Learning Module 4: Asset Manager Code of Professional Conduct

Introduction

The Asset Manager Code (AMC) is a voluntary code for firms (not individuals) that manage client assets. * Goal: Foster a culture of ethics and assist investors in identifying firms that adhere to high standards. * Adoption: Must be adopted by the firm’s senior management/board. * Scope: applies to all employees of the firm.


General Principles of Conduct

Managers must: 1. Act in a professional and ethical manner at all times. 2. Act for the benefit of clients. 3. Act with independence and objectivity. 4. Act with skill, competence, and diligence. 5. Communicate with clients in a timely and accurate manner. 6. Uphold the applicable rules governing capital markets.


Specific Provisions (A-F)

A. Loyalty to Clients

  • Place client interests first: Always before the firm’s or employees’ interests.
  • Confidentiality: Protect client information.
  • Anti-Money Laundering (AML): Refuse relationships with potential criminals.
  • Gifts: Refuse gifts that could compromise independence.

B. Investment Process and Actions

  • Due Diligence: Use reasonable care and judgment.
  • Fair Dealing: Deal fairly with all clients (no favoritism).
  • Suitability: Ensure investments suit the client’s mandate.
  • Manipulation: Do not engage in market manipulation (price/volume distortion).

C. Trading

  • Best Execution: Maximize client portfolio value (considering price, cost, speed, likelihood of execution).
  • Soft Dollars: Use client brokerage only for research that benefits the client.
  • Allocation: Allocate trades fairly (e.g., pro-rata) among accounts.
  • Cross Trades: Only if beneficial to both clients and fair price is used.

D. Risk Management, Compliance, and Support

  • Compliance Officer: Must appoint a competent compliance officer.
  • Portfolio Valuation: Use fair market prices; independent third-party valuation is best practice.
  • Business Continuity: Have a disaster recovery plan.
  • Record Retention: Maintain records (CFA Institute recommends 7 years).

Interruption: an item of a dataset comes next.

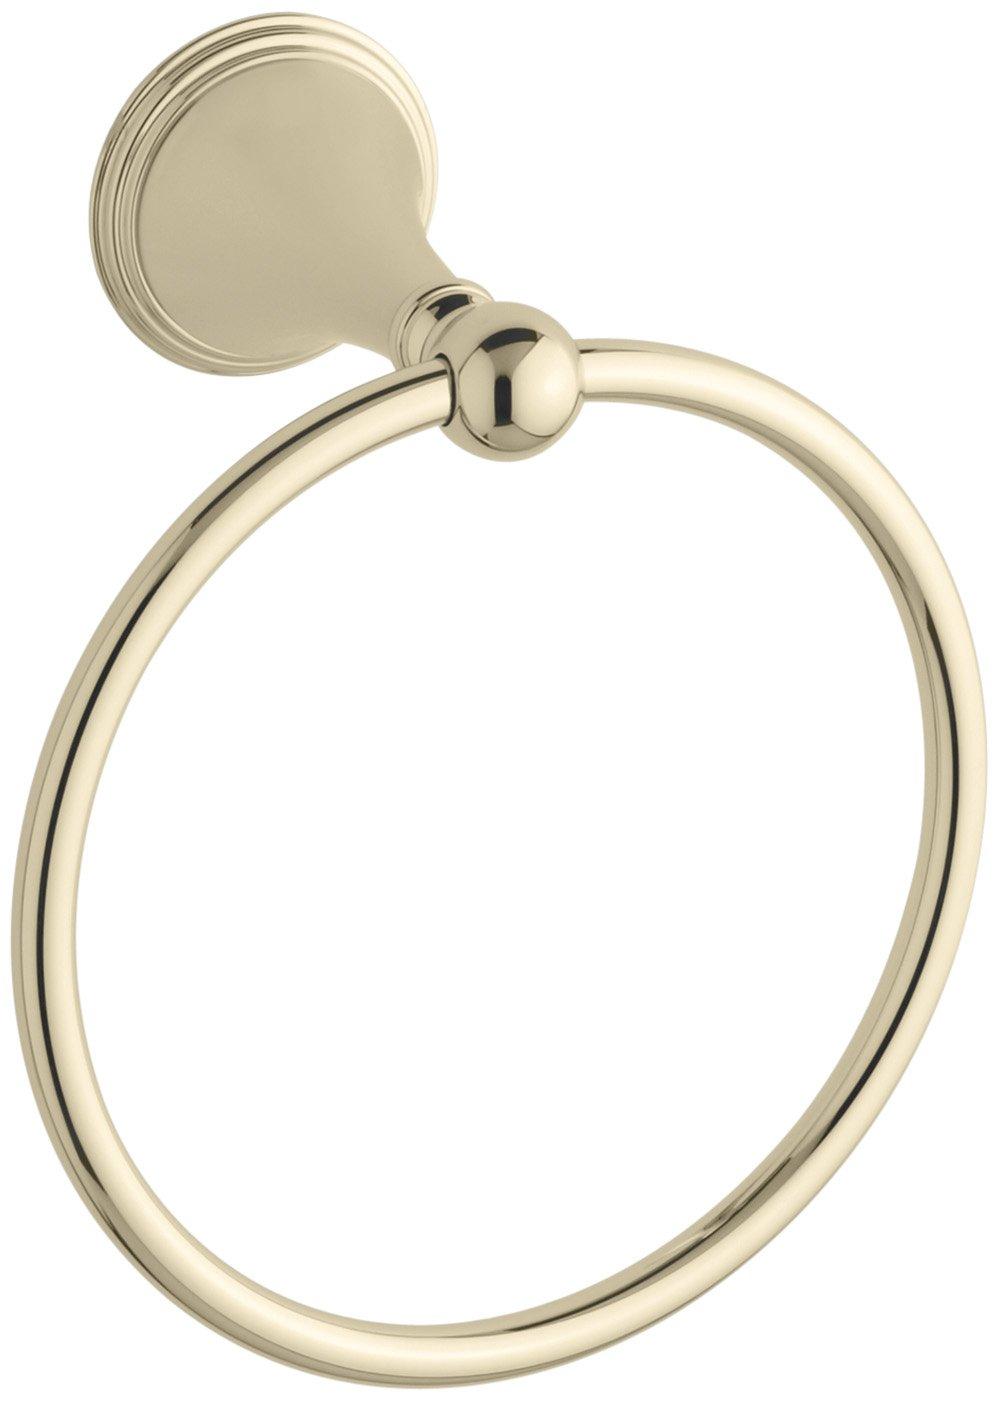 KOHLER K-363-AF Finial Traditional Towel Ring, Vibrant French Gold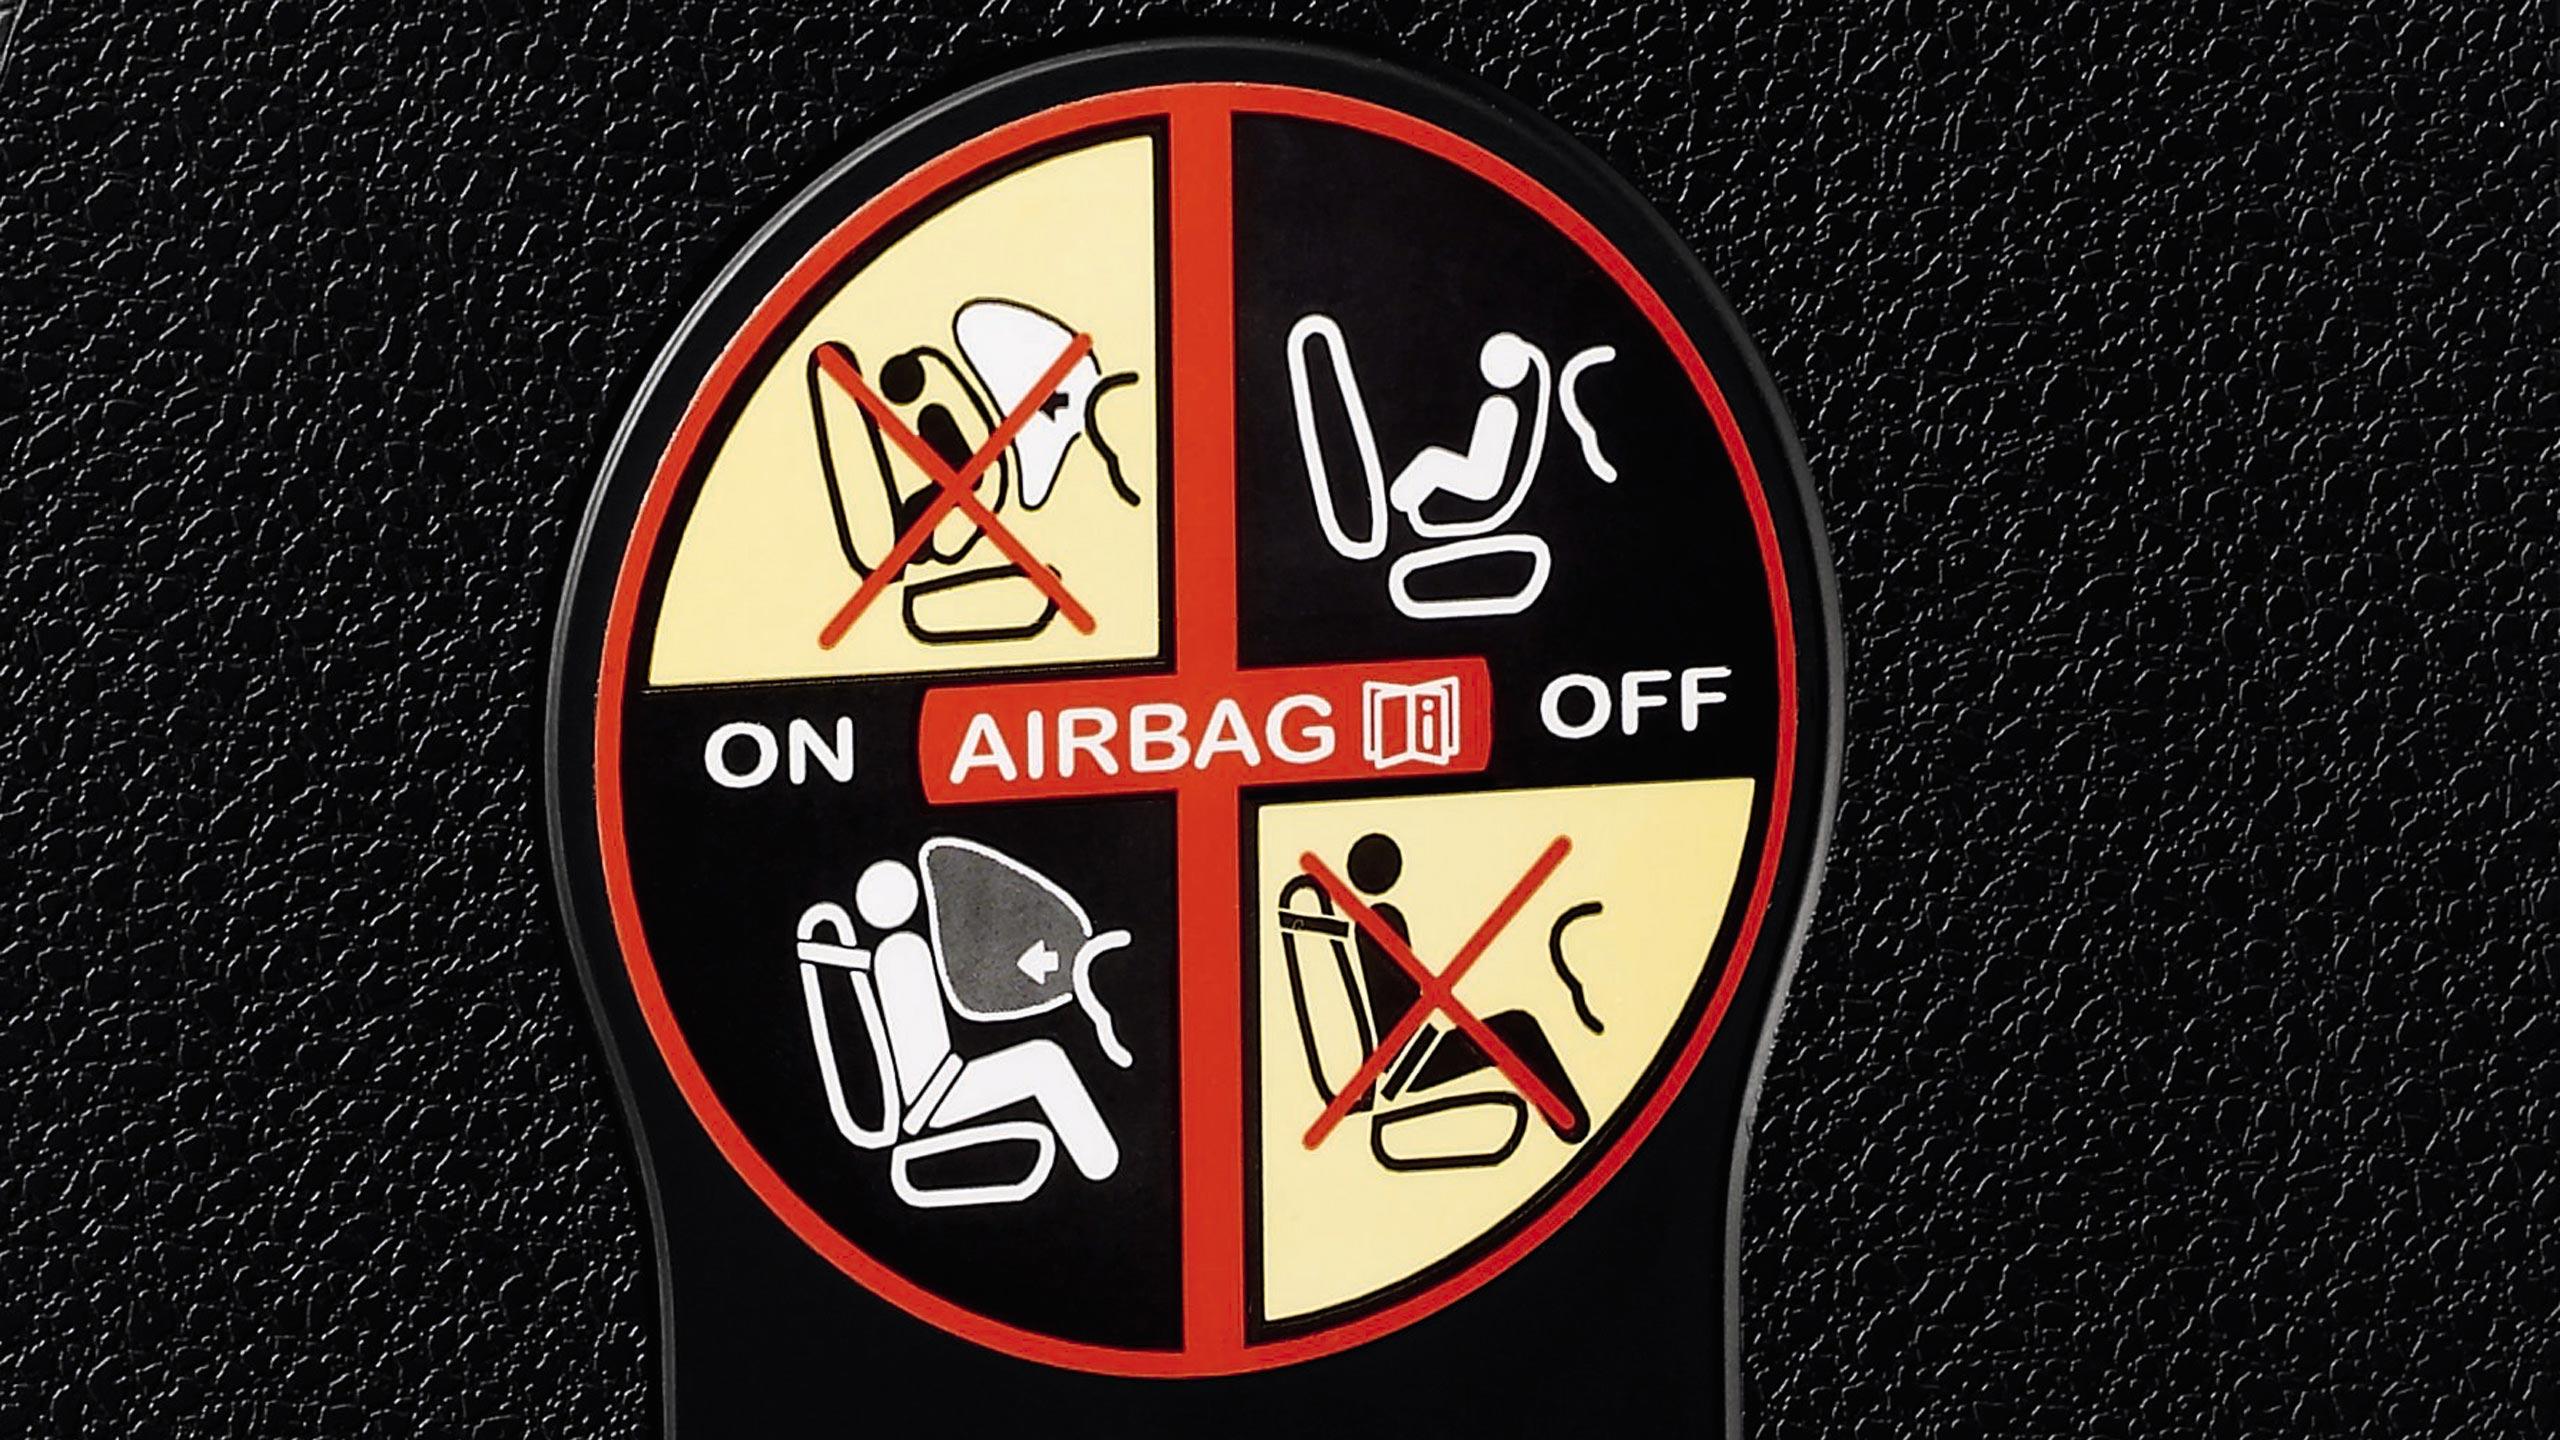 Airbag passagier (uitschakelbaar)

E. Performance and Valuation

  • Fair Representation: Performance must be fair, accurate, relevant, timely, and complete.
  • Methodology: Disclose how returns are calculated (gross/net) and use fair value for assets.

F. Disclosures

Managers must truthfully and thoroughly disclose: * Conflicts of Interest: Relationships, fees, soft dollars. * Regulatory Actions: Any disciplinary history. * Investment Process: Strategies, risks, use of derivatives/leverage. * Fees/Costs: Management fees and other costs charged to investors. * Voting Policy: How proxies are voted. * Trade Allocation Policy: How trades are split.


Key Differences: AMC (Firm) vs. Code & Standards (Individual)

  • Applicability: AMC applies to the firm; Code & Standards apply to individual members.
  • Compliance: Firms “Claim Compliance” with the AMC. Individuals “Adhere” to the Code & Standards.